Personal information
- Nationality: Russian
- Born: 24 May 1967 (age 59) Sinegorye, Soviet Union
- Years active: 2003 – 2010

Sport
- Country: Russia
- Sport: Para Nordic skiing (Para cross-country skiing and Para biathlon)
- Disability class: B2
- Coached by: Vyacheslav Goldinov

Medal record
Representing Russia
Women's Para cross-country skiing
Winter Paralympics
| Gold medal – first place | Turin 2006 | 10km visually impaired |
| Gold medal – first place | Turin 2006 | 15km visually impaired |
| Gold medal – first place | Turin 2006 | 3 × 2.5 km relay open |
| Gold medal – first place | Vancouver 2010 | 3 x 2.5 km relay open |
| Silver medal – second place | Vancouver 2010 | 15km visually impaired |
Women's Para biathlon
| Silver medal – second place | Vancouver 2010 | 12.5km visually impaired |
| Silver medal – second place | Vancouver 2010 | 3km pursuit visually impaired |
| Bronze medal – third place | Turin 2006 | 5km visually impaired |
| Bronze medal – third place | Vancouver 2010 | 1km sprint visually impaired |

= Lioubov Vasilieva =

Russian Para cross-country skier and biathlete (born 1967)

Lioubov Vasilieva (born 24 May 1967) is a Russian female visually impaired Para cross-country skier and biathlete.
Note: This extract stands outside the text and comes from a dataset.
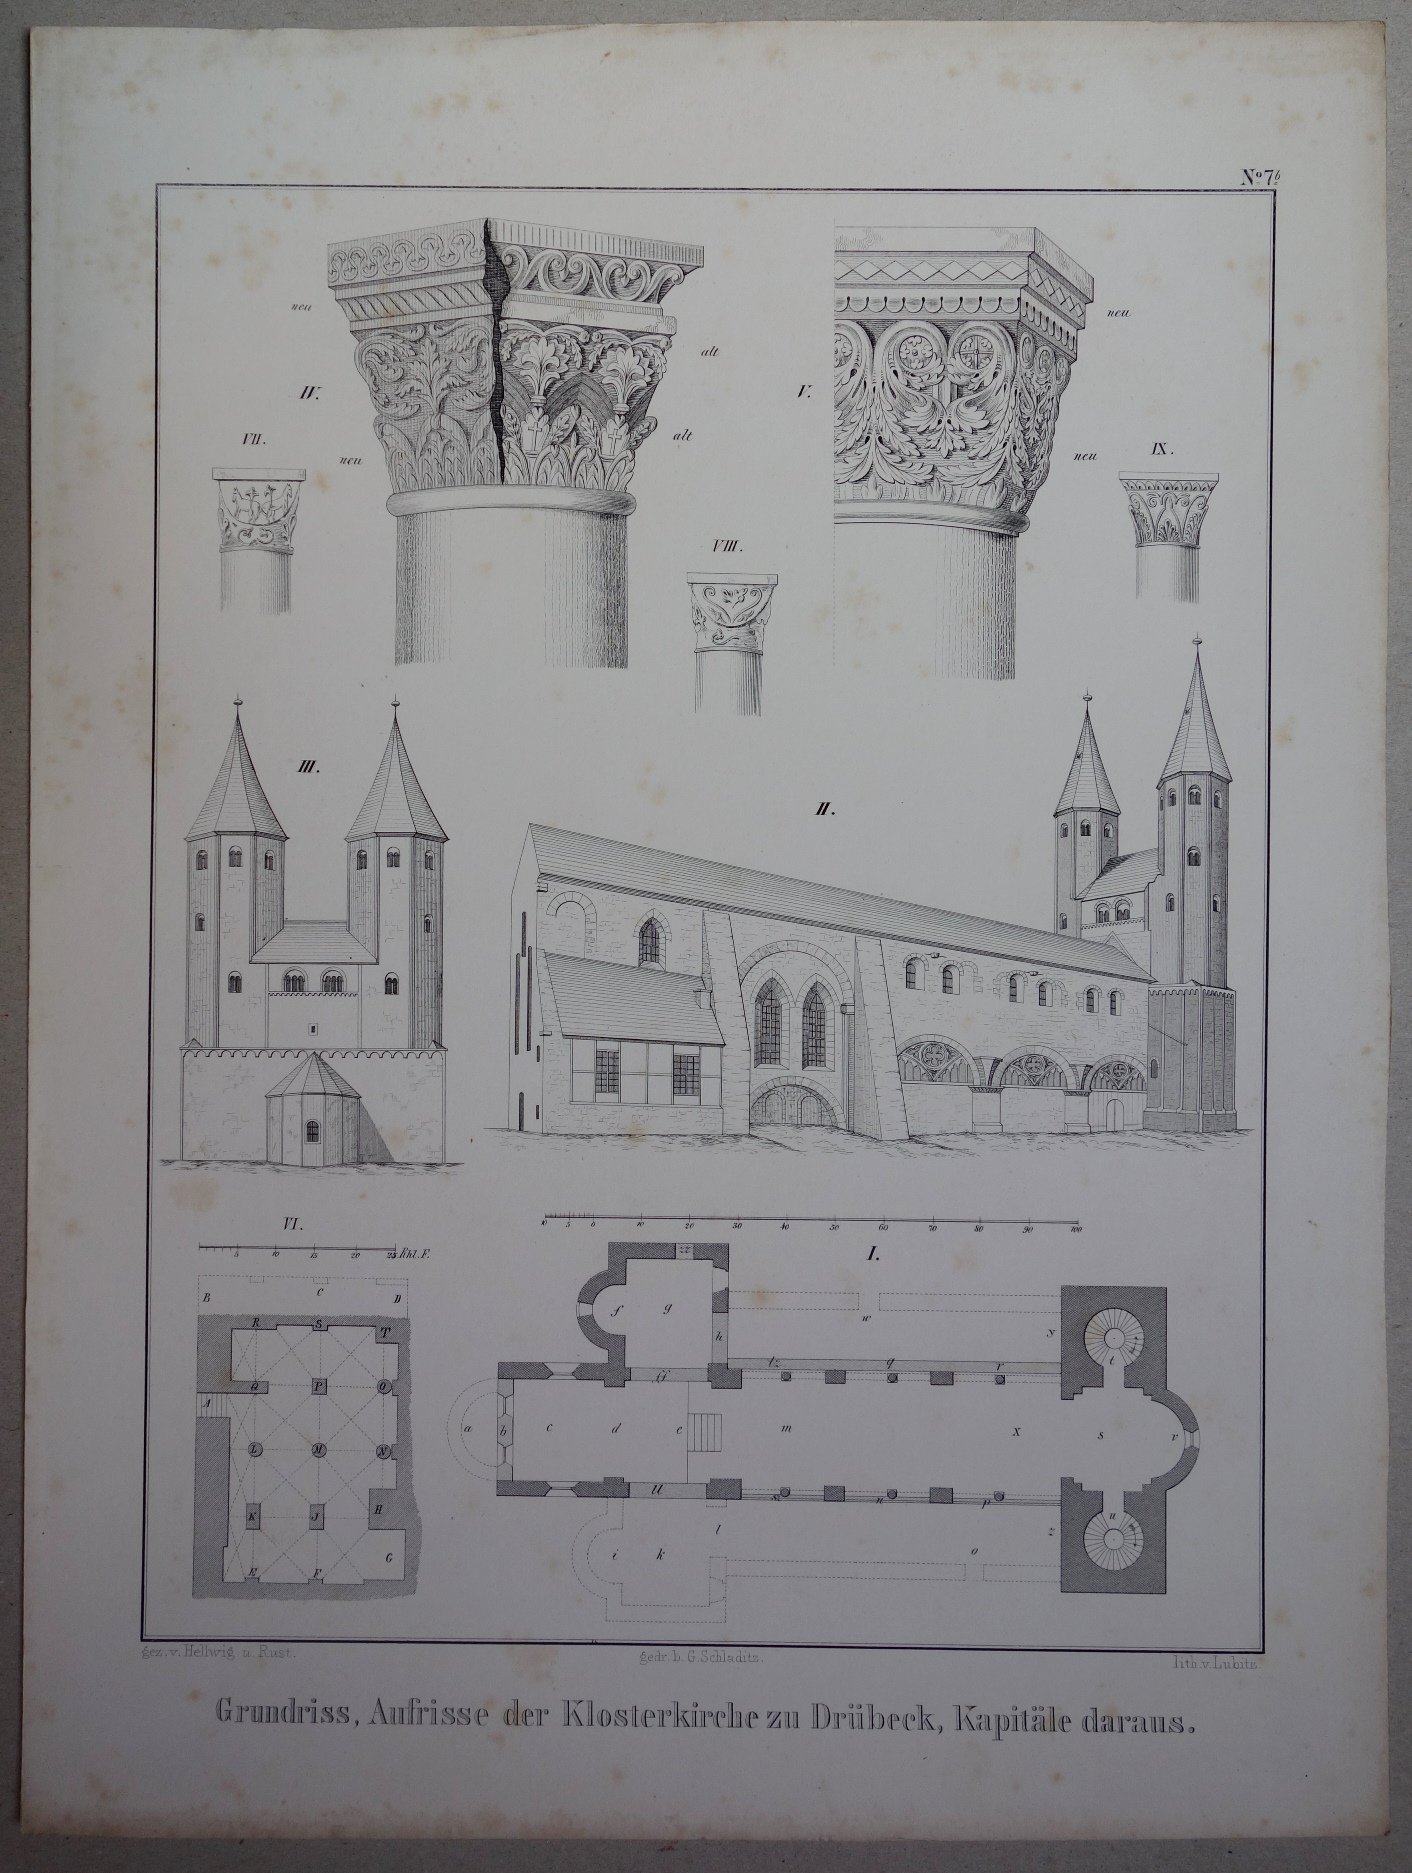 Drübeck: Grundriß, Aufrisse und der Details der Klosterkirche, 1858 (aus: Brockhaus "Baukunst des Mittelalters") (Schloß Wernigerode GmbH RR-F)

She has represented Russia at the Paralympics in 2006 and in 2010 claiming 9 medals in her Paralympic career including 3 gold medals in her debut Paralympic event including the cross-country skiing events during the 2006 Winter Paralympics.

== Career ==
Liubov Vasilieva was part of the Russian delegation at the 2006 Winter Paralympics and displayed her medal hunt as she claimed 3 gold medals in the cross-country skiing and a bronze medal in the biathlon events.

She continued her medal success at the Winter Paralympics as she clinched 5 medals during the 2010 Winter Paralympics including a gold, silver medals in the cross-country skiing and 2 silver and a bronze medal in the biathlon events.